Police filed charges yesterday against an alleged ringleader and five other people accused of involvement in an anti-coup rally in the Thai capital that turned violent and left 270 injured.
About 200 police and 70 protesters were hurt in a clash sparked late on Sunday during a protest against Thailand's military-installed government outside the Bangkok home of former prime minister General Prem Tinsulanonda, Bangkok police chief Lieutenant General Adisorn Nontree said.

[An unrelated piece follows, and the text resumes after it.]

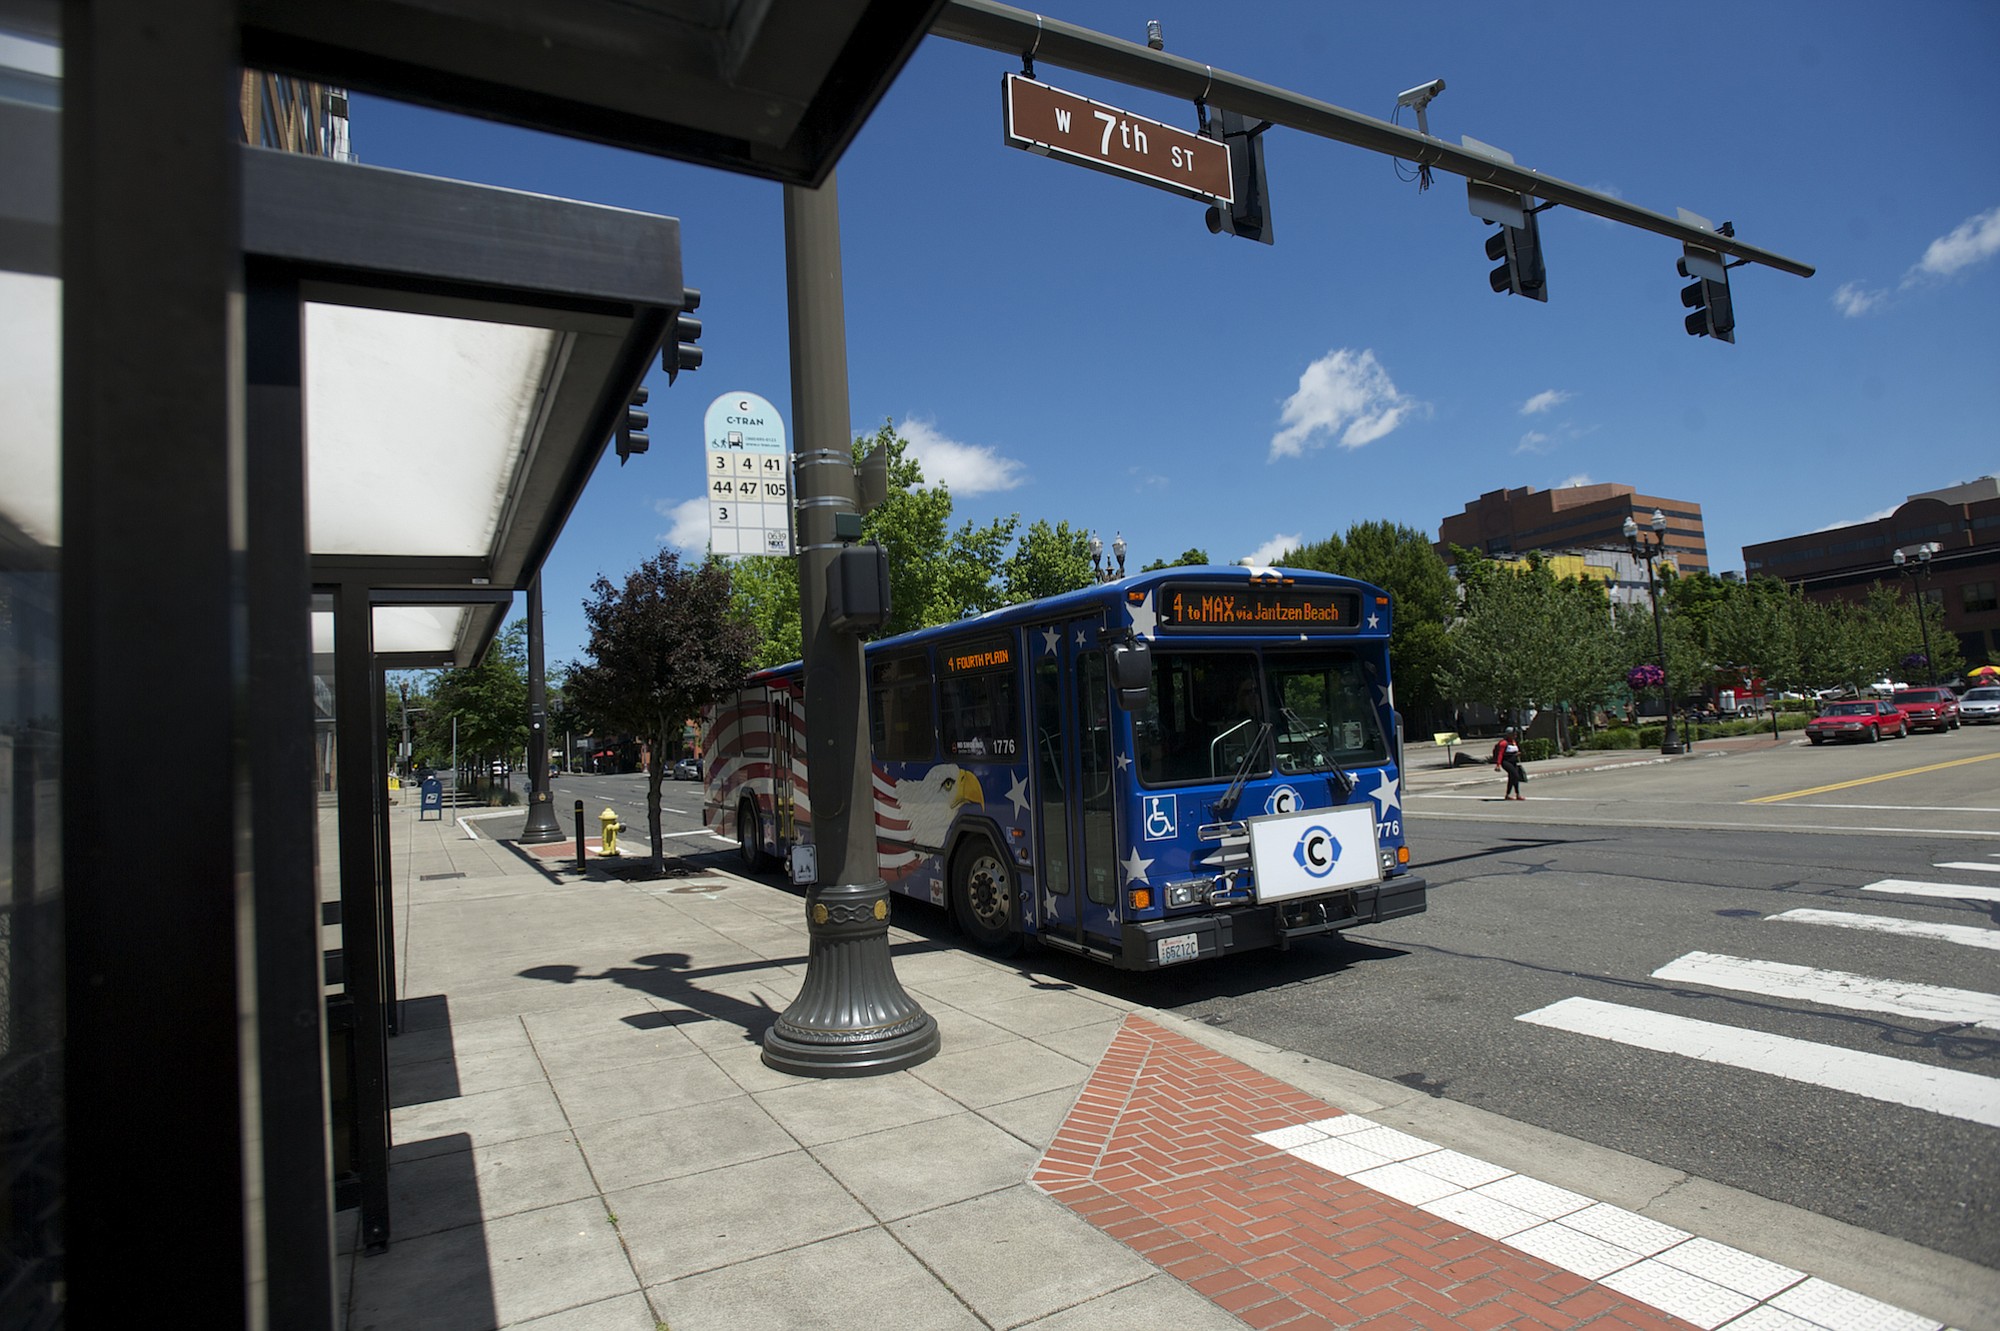 C-Tran, Clark County's transit agency, has asked TriMet, which serves the Oregon side of the metro area, to cancel a deal that would have governed the running of a light-rail system that is not now going to be built.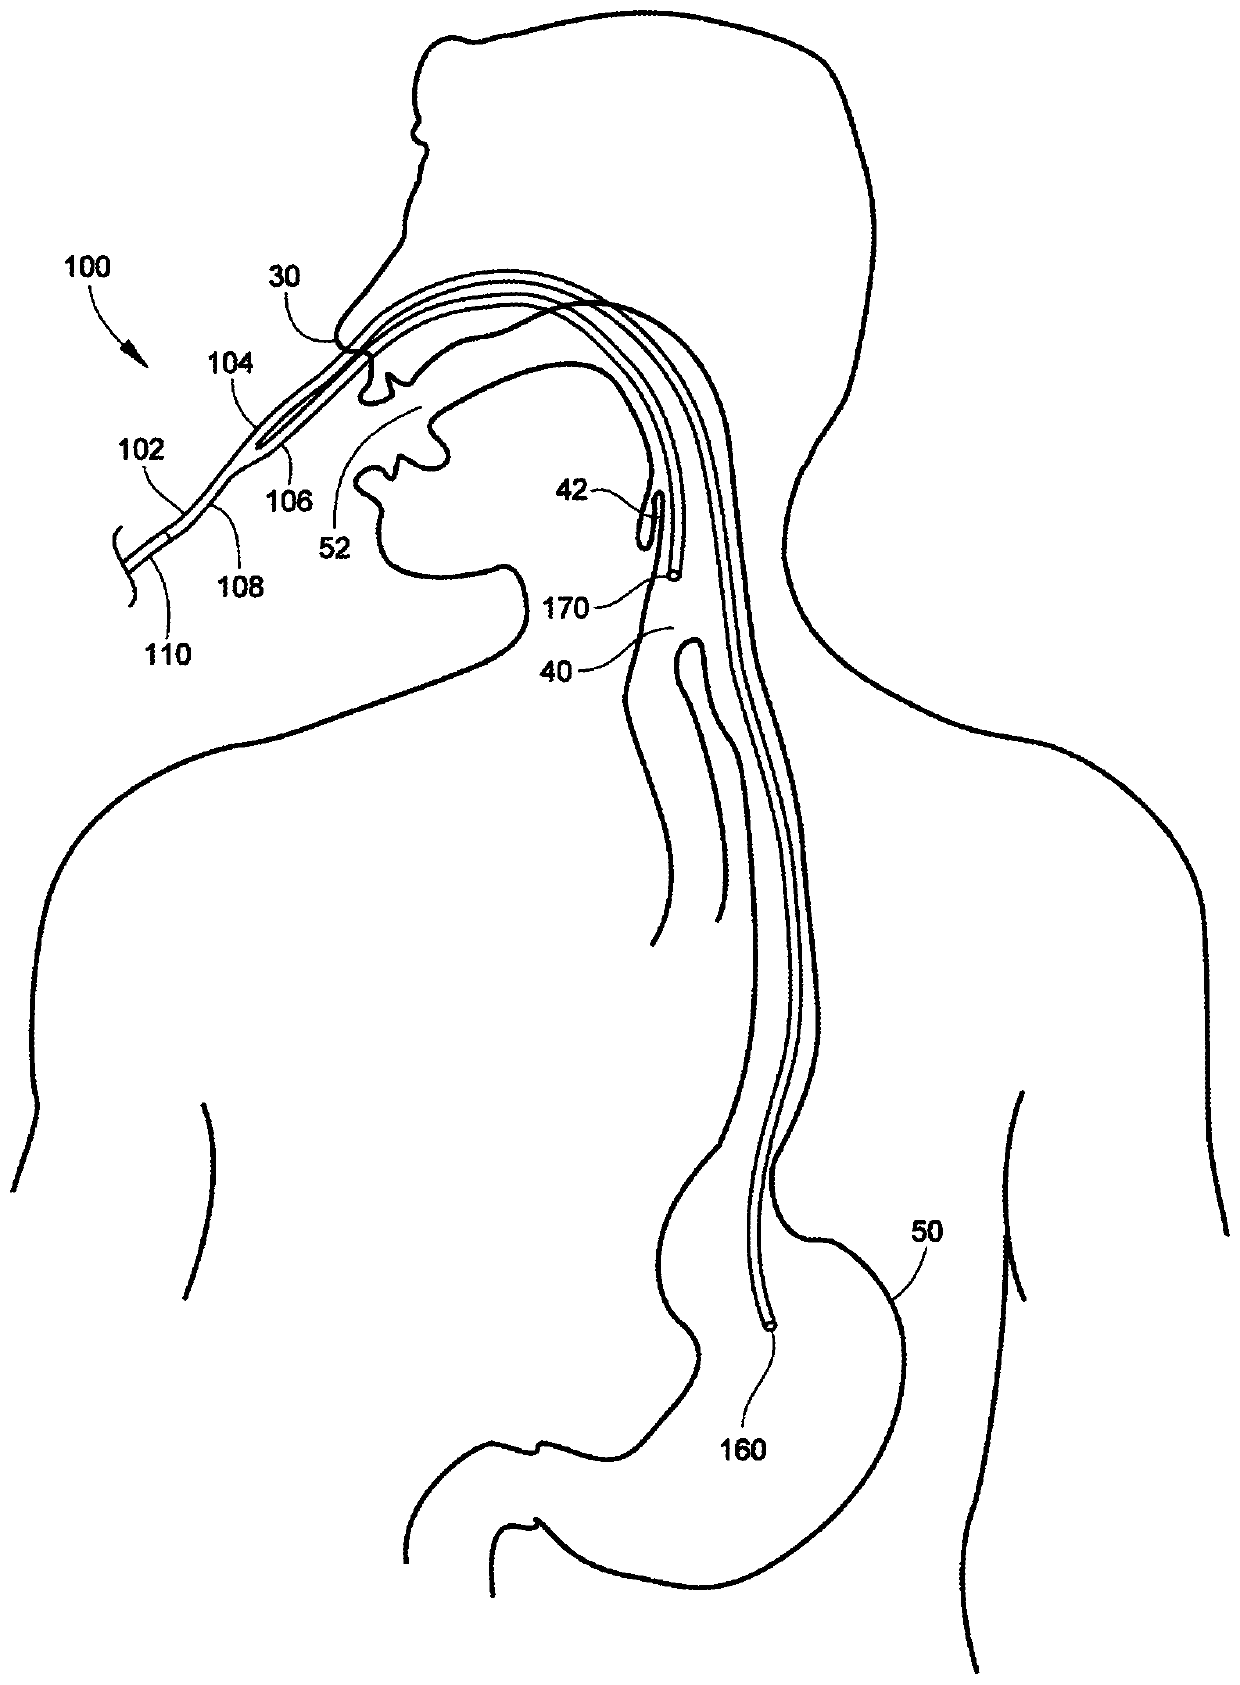 Medical apparatus with hypopharyngeal suctioning capability

Two policemen were severely injured, Adisorn said in a telephone interview.
charges
Six suspects were charged with "causing chaos, obstructing the work of authorities, and damage of state property, and they include a protest leader, Noparut Worachitwutikul," Police Colonel Supisal Pakdeenarunart said.
Several thousand people rallied outside Prem's house, whom they accuse of instigating the coup that ousted prime minister Thaksin Shinawatra in September last year. They called for the octogenarian Prem, who was home at the time, to resign as top adviser to King Bhumibol Adulyadej.
"Investigators are gathering evidence and witnesses to file more serious charges against the protest leaders," Supisal said.
Adisorn said they would seek arrest warrants yesterday or today for eight more organizers of the rally, six of whom were top members of Thaksin's now disbanded Thai Rak Thai party.
The most serious fighting developed on Sunday night when police tried to detain protest leaders as they spoke from a makeshift stage on top of a truck.
After the first police effort to detain the protest leaders failed, the crowd began throwing bottles and other objects at the security forces as they retreated.
Sporadic charges by police using pepper spray set off street fighting and wild chases through the area, a usually quiet Bangkok district filled with military and government offices far from commercial areas of the Thai capital.
"The police have exercised the utmost patience but they [the demonstrators] have tried in every way to hurt the security officials there and break through the blockades the police set up outside the house," Colonel Sansern Kaewkamnerd, spokesman for the military's Council for National Security, said during the protest.
Adisorn said police increased security around Prem's house yesterday morning.
`misinformed'
Sansern said there were 3,000 to 5,000 protesters and that most of them were "misinformed" about the political situation. He claimed some had been paid to take part.
Although the police appeared to exercise restraint, some protesters accused them of abuse.
"Policemen definitely overreacted. ... They beat protesters up with batons and dozens of protesters were injured," a protest organizer said yesterday.